SocraticGadfly: Zoom sucks, far beyond Zoombombing

April 05, 2020

Zoom sucks, far beyond Zoombombing

Read The Intercept. Or twice.

Or Schneier on Security.

Or Tech Crunch.

Or the Guardian.

Or even NPR.

Or search the Net on your own.

Per Schneier, Zoom sucks three ways. It's a mix of
1. Bad privacy practices.
2. Bad security protections.
3. Bad user configurations.

Reporting your info to Facebook.

Trying to lift info from your LinkedIn.

Those are under No. 1

And, possible Chinese backdoors. Definitely No. 2.

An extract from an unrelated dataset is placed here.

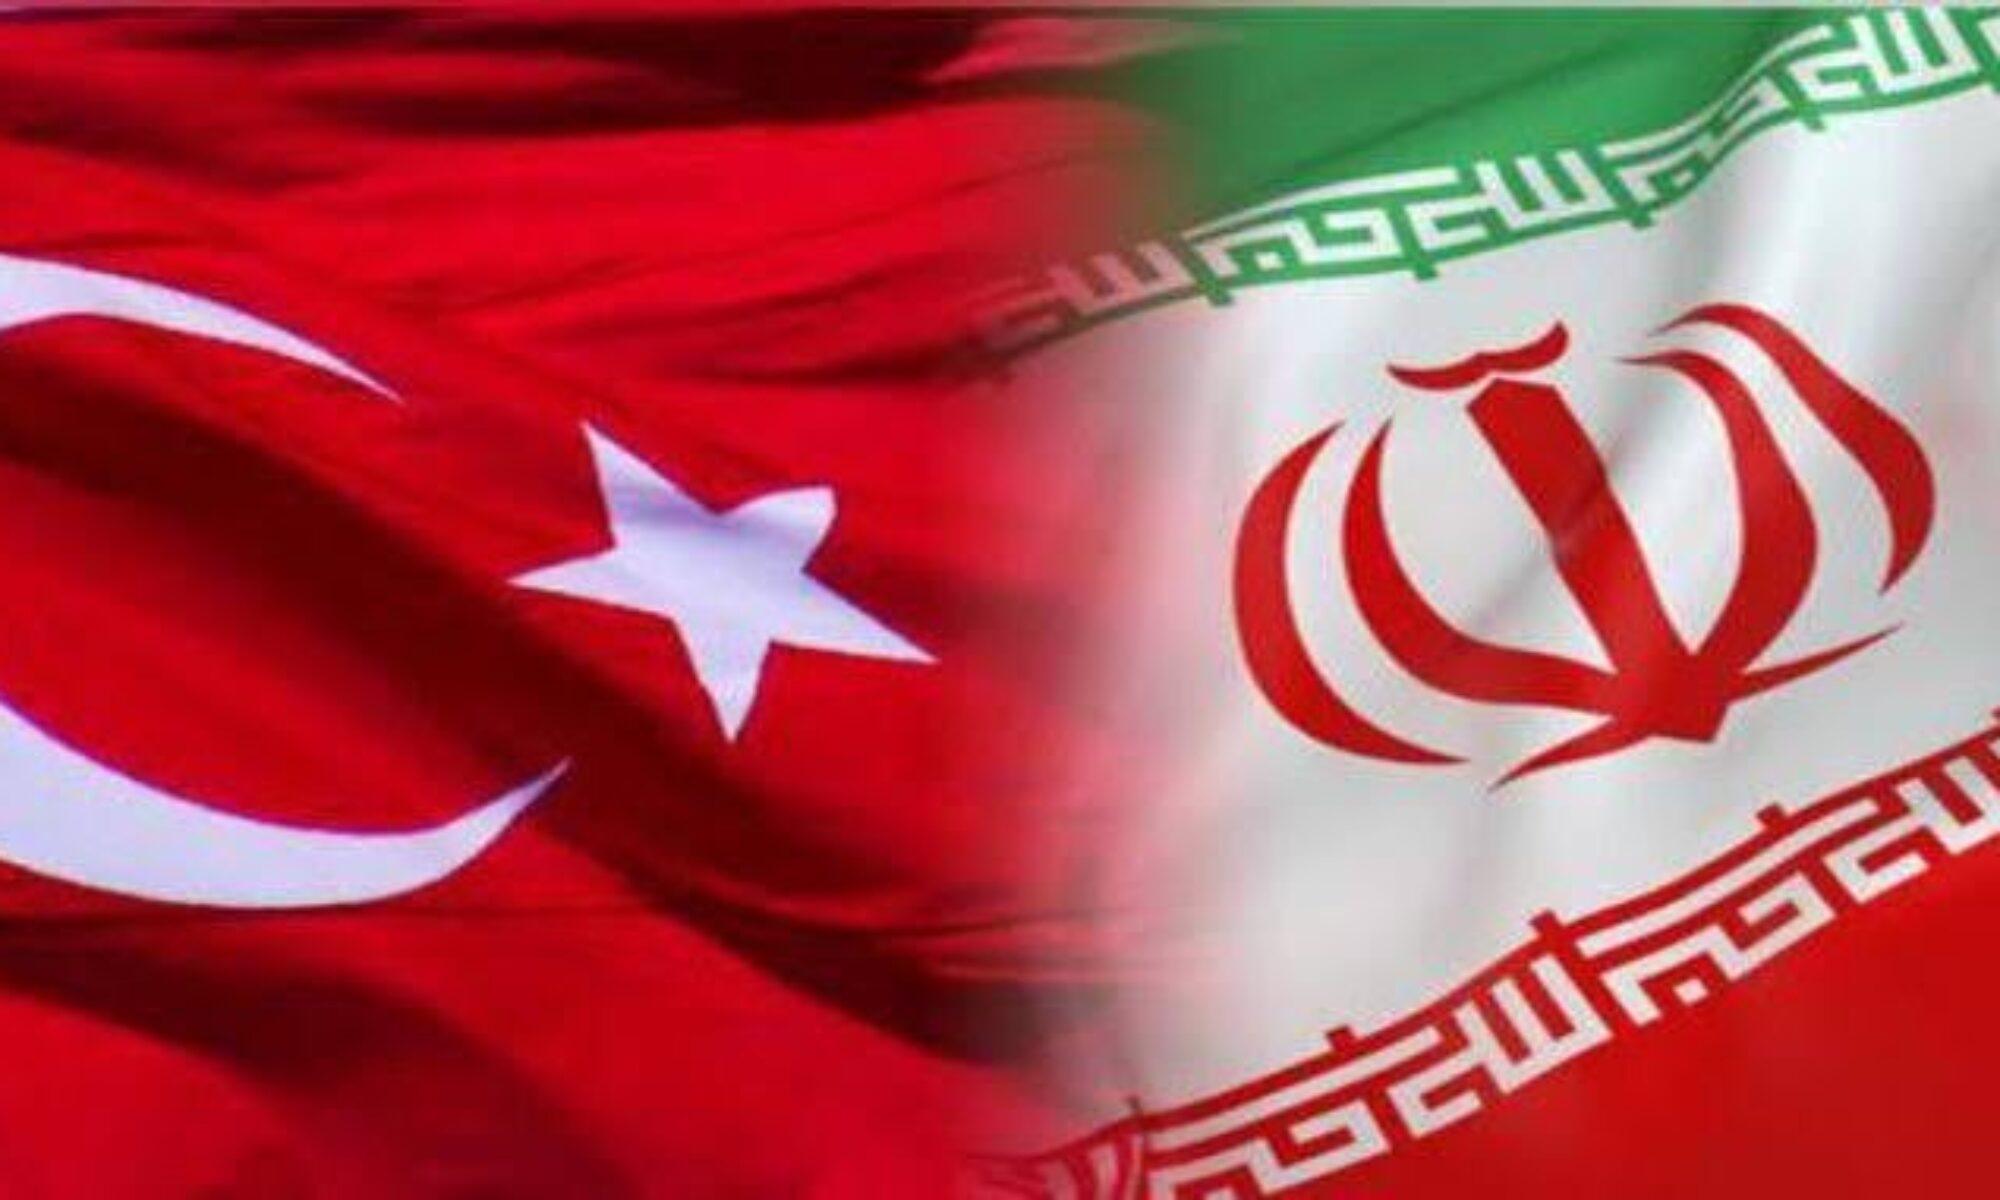 Şengal, Türkiye ve İran'ın mücadele sahası haline geldi Cotyar Adil, Bağdat, PKK, Irak, Kürdistan, BM,

And, of course, Zoombombing. No. 3.

That said, even if the Zoombombing is primarily "user error" on the part of hosts/leaders of meetings, Zoom should have been more proactive on instructing hosts to lock things down and how. And, Zoombombing itself is not just a malicious prank, it's harmful in a number of ways — and if kids under 18 are being shown porn, surely illegal.

I had, for some personal reasons, signed up for a Zoom account. I've made sure I am logged out on both FF and Chrome browsers. Unfortunately, the IT person coordinating the Zoom events that partially motivated my sign-up is largely dismissive. That's all I can say.

I won't accept as an excuse that Zoom has coronavirus growing pains. Per The Intercept, Schneier and others with IT / cybersecurity career backgrounds, many of the things that are wrong about Zoom were flagged a year or two ago.

Is it too harsh to call Zoom malware, as in the Guardian piece? I don't think so. Add in the fact that, per Schneier, its early responses have been "minimum necessary" on actual fixes accompanied by "maximum possible" on corporate PR bullshit and there you go.

Update, April 6: Zoom has apparently pulled back away from requiring meeting passwords. So, their "minimum necessary" was itself a clusterfuck.


So, what are the alternatives?

First, contra Margaret Thatcher's infamous TINA, there ARE alternatives.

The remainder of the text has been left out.